Il pensiero del Lamartine esalta il ruolo centrale della famiglia, come sanno le migliaia e migliaia di persone che da ieri stanno affluendo a Roma, in pellegrinaggio per raggiungere la tomba di Pietro nel quadro delle iniziative dell’Anno della fede.

Esse danno testimonianza di un principio irrefutabile che, purtroppo, da più parti viene messo in discussione: la famiglia è modello e cellula strutturale della società. Lo è perché è il legame radicale tra persone diverse che si uniscono nell’esistere e nel progettare, nella fratellanza e nel reciproco sostegno e rispetto. Lo è nel bene e nel male: la famiglia che si sgretola quando prevalgono egoismi e rivalità è lo specchio della crisi di una società che privilegia gli interessi privati, che non sa sanare gli squilibri economici, e fa spallucce alla perdita di valori condivisi.

Solo all’interno della famiglia la coppia può possedere un valore assoluto, incarnando ciascuno dei suoi componenti un ruolo insostituibile, specialmente per quanto attiene alla formazione dei figli e alla trasmissione dei valori, consapevoli di essere “una carne sola”, come dice la Genesi.

E tuttavia il sesso non può costituire il collante unico di un matrimonio.

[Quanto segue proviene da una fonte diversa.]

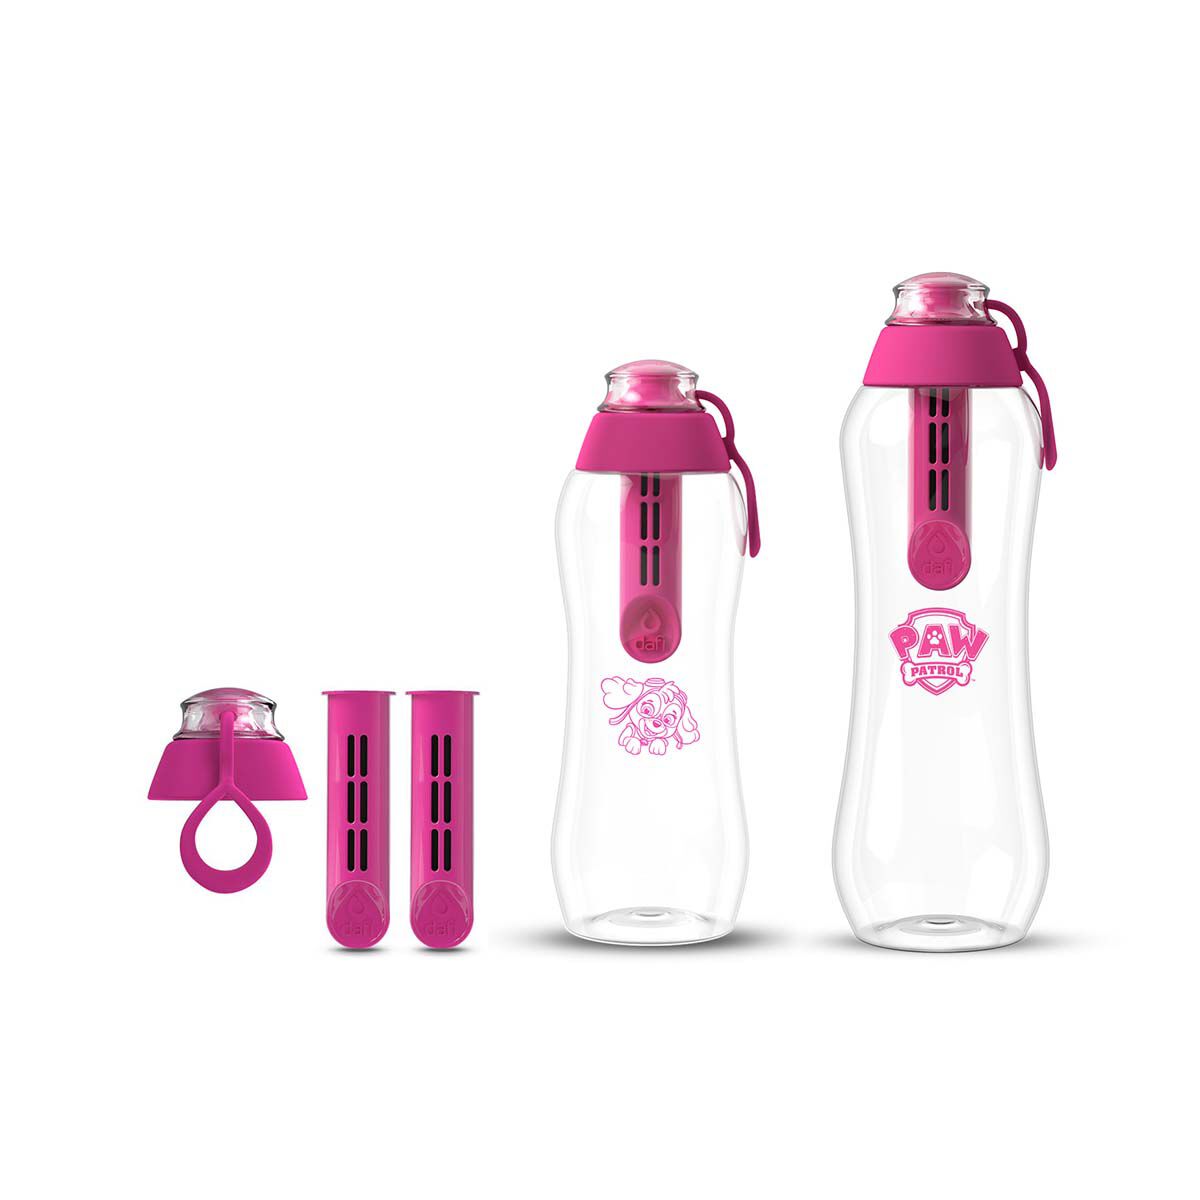 цена Набор из бутылок с угольным фильтром Dafi Psi Patrol/Soft, 5 предметов, розовый

Il piacere fine a se stesso non riesce ad armonizzare le anime in una vita comune: «Se il fine del matrimonio è la famiglia – scriveva Leone Tolstoj – allora l’uomo che desidera avere più donne oppure la donna che ricerca più uomini godranno sì di maggiori piaceri, ma non avranno una famiglia».

Oggi questo tipo di famiglia è affiancata da nuove forme di esperienza relazionale che la minano alle fondamenta, sminuendo una verità essenziale: l’amore suggellato col santo matrimonio é l’unico anello nuziale capace di unire intimamente corpi e cuori ed ha nella sua fecondità non solo la capacità di vincere la morte, ma anche di continuare la creazione divina. E perché sia ogni giorno così, nonostante le difficoltà della vita quotidiana basta poco. Bastano tre parole, quelle che papa Francesco ha suggerito pochi giorni fa chiudendo le Giornate mariane: permesso, scusa e grazie. La meno frequente tra coniugi è “permesso”, intesa come «posso fare questo?». Eppure essa, unita alle altre due, è il  toccasana della casa: «Se in una famiglia si dicono grazie, scusa e permesso, la famiglia va avanti».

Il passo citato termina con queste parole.